Segundo o Papa, que recordou 2024 como um dos anos “mais mortíferos para os jornalistas”, a informação livre “é um património de conhecimentos, experiências e virtudes que deve ser preservado e promovido”.
“Sem isso, corremos o risco de deixar de distinguir a verdade da mentira”, sublinhou.
Para nós, ali presentes, teria sido muito interessante acrescentar à proximidade do Papa este pronunciamento de viva voz. Mas, percebemos o cansaço do Santo Padre que optou não por ler mas por estar próximo de alguns de nós, cumprimentando quem pode.

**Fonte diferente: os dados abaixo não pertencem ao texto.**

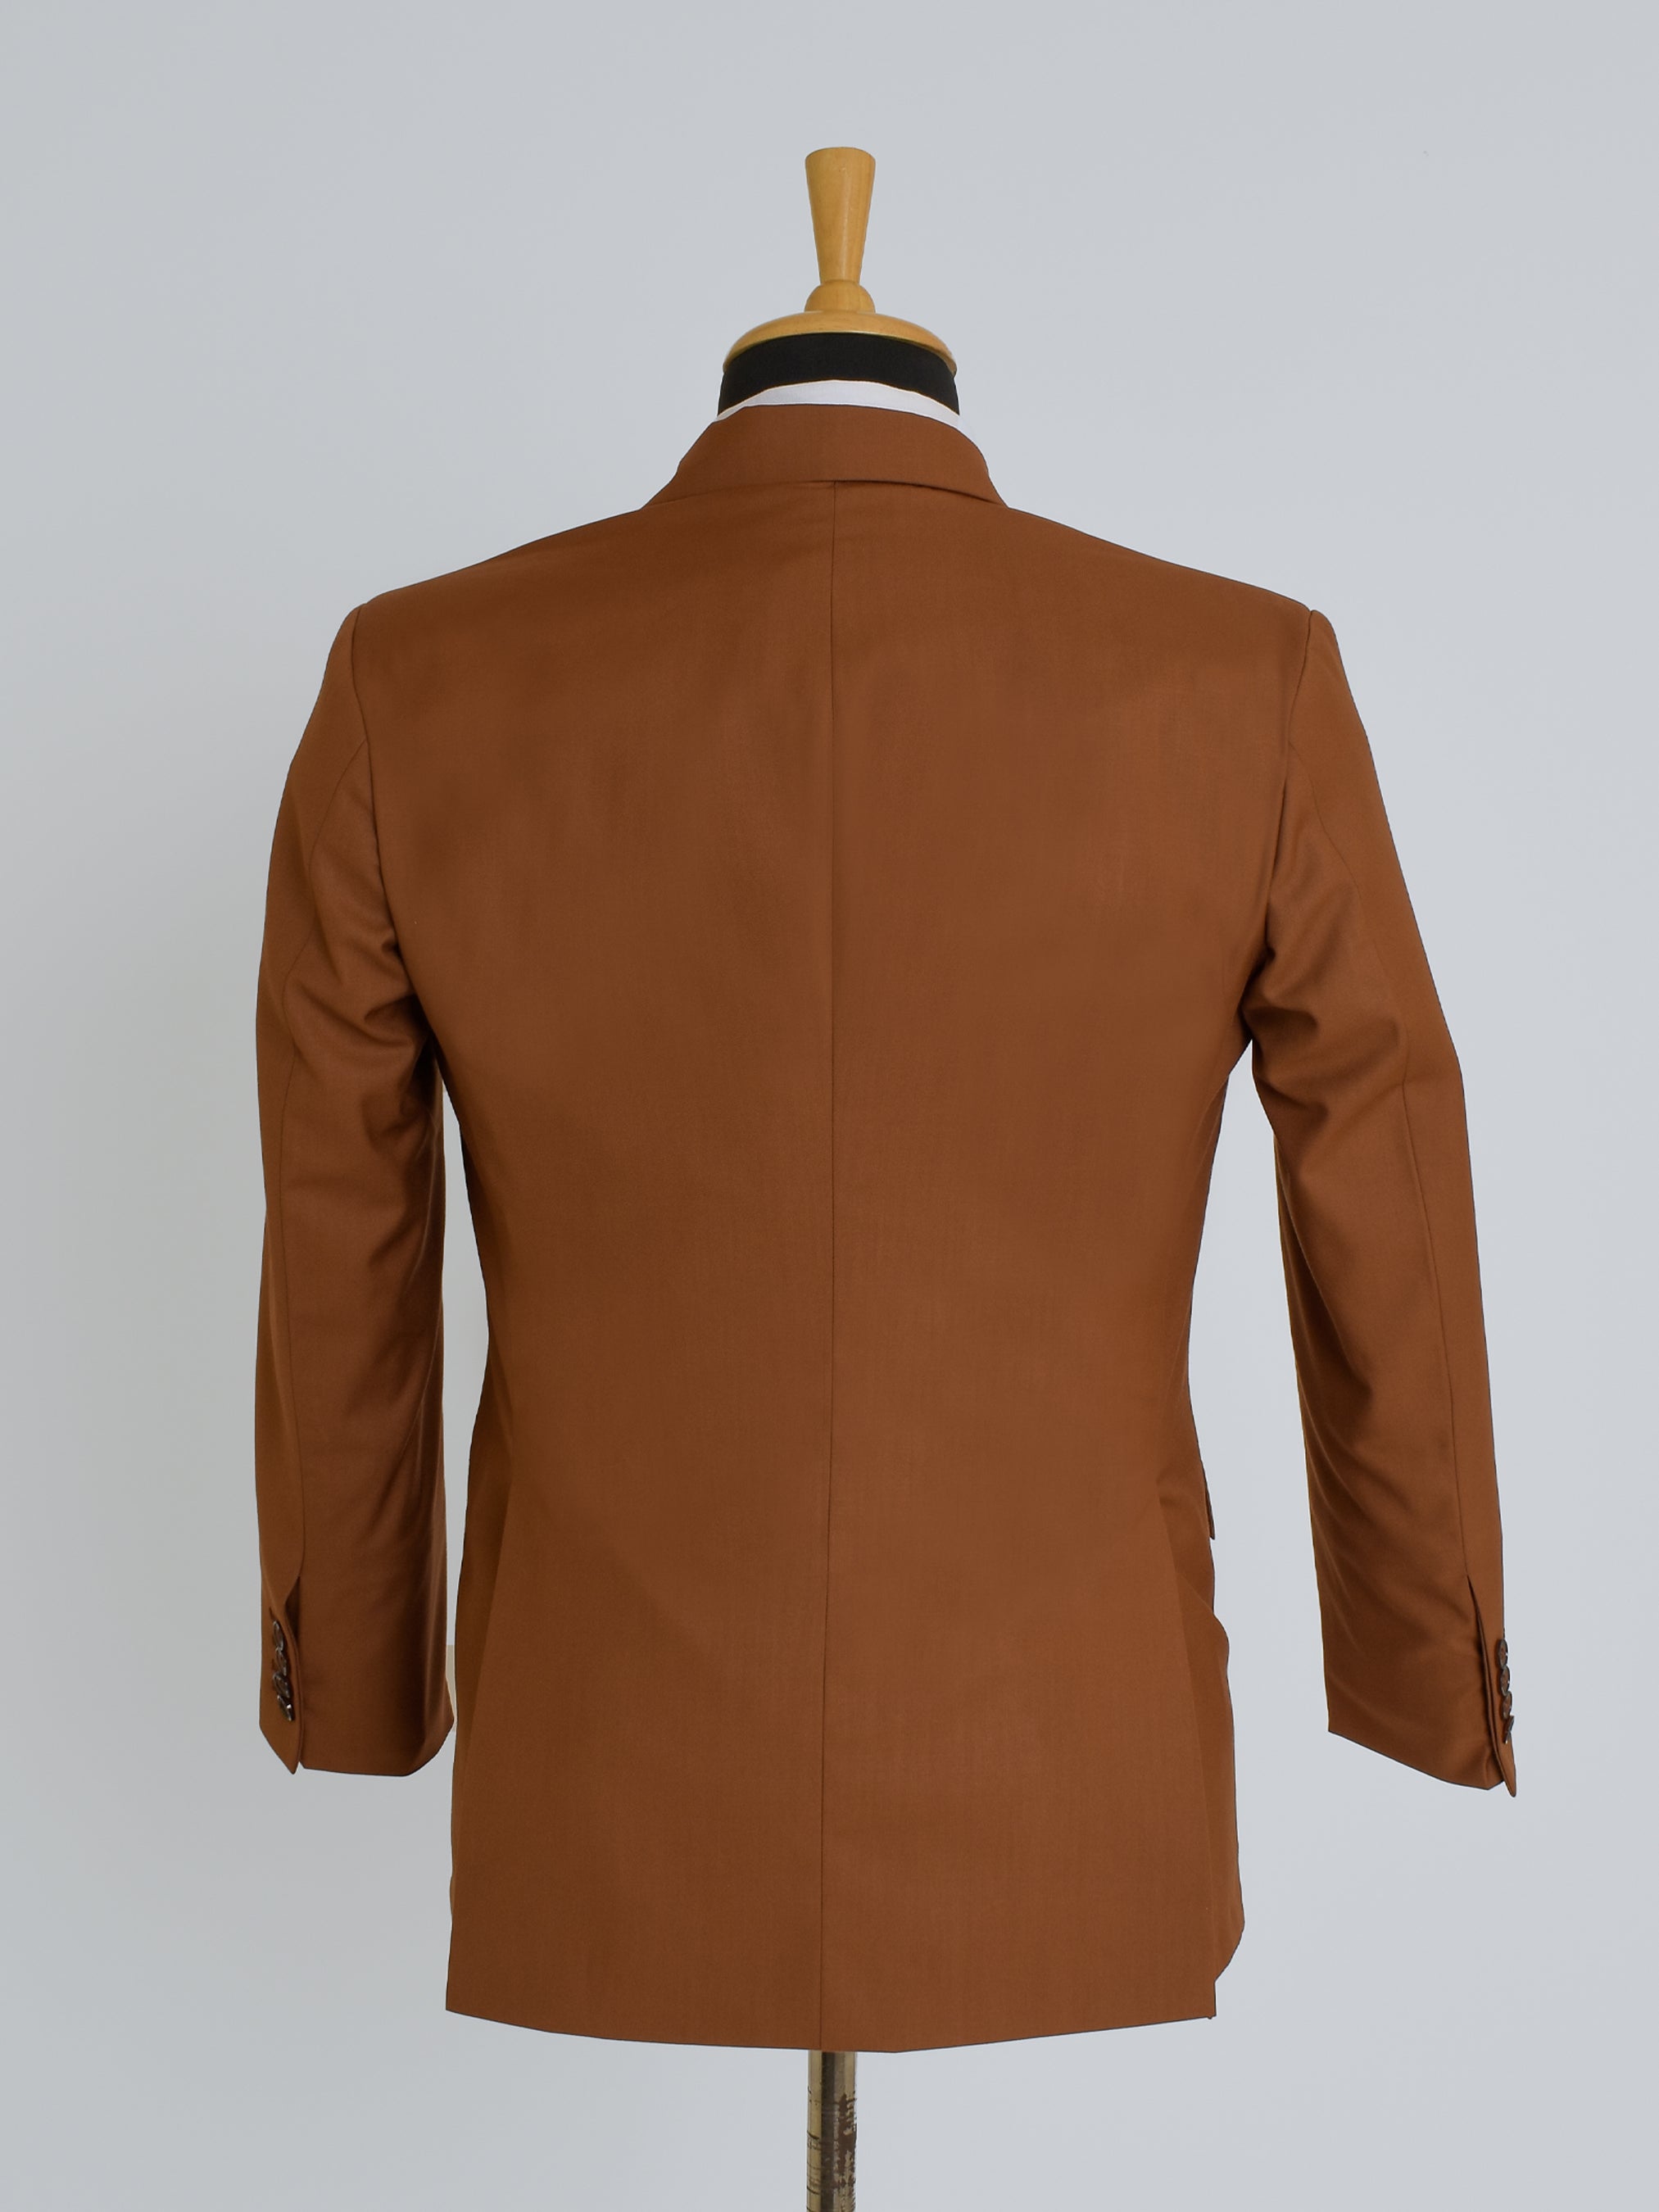 Chestnut Business Suit

Visivelmente cansado após uma manhã repleta de audiências, numa gestão de agenda um pouco incompreensível atendendo à saúde e à idade de Francisco, a bênção papal, que não demorou mais de dois minutos foi eloquente: tão importante como contar a verdade e os factos é ser verdadeiro.
Que belo e profundo ensinamento! Isto coloca-nos quase num patamar divino. Foi o papa que o disse… Naturalmente, que a profundidade deste pensamento não apaga a desilusão de muitos de nós por não ter havido a possibilidade de ouvir o Papa, o seu pronunciamento assertivo, como se esta ausência fosse uma espécie de metáfora dos tempos que correm em que tantos de nós temos dificuldade em escutar o Espírito Santo, em escutar-nos uns aos outros, até.
Diante do sofrimento físico e psicológico, tão visível em Francisco, que já só preside sentado e na oração do Ãngelus no domingo fez um esforço hercúleo para se suster de pé naquela varanda, nunca poderemos calar a injustiça, a falta de amor, a pobreza, a exclusão, a indiferença ou até mesmo a falta de carisma evangélico em tantas das nossas acções como cristãos.
Ser jornalista é mais do que uma profissão. É uma vocação e uma missão, com uma responsabilidade peculiar e uma tarefa preciosa. A linguagem utilizada pode acender ou apagar a esperança, pode dar voz aos marginalizados ou esmagá-los ainda mais. A coragem de um cristão, e ainda mais de um jornalista cristão, não está só do lado da denuncia; a coragem também está em escutar com o coração, “ouvir e falar com o coração, custodiar a sabedoria do coração, compartilhar a esperança do coração”.
Esta é porventura a maior liberdade de todas e que só a Esperança, que não é uma ideia ou um desejo mas uma pessoa, alimenta.
As dores do Papa são também as nossas. E, cada vez que não o escutamos ficamos mais longe de aproveitar esta nova oportunidade que o Espírito Santo está a dar à Igreja e Jesus continuará a não ter lugar… como não teve naquele dia em Belém, quando os pastores anunciaram ao mundo um novo lugar para a Esperança.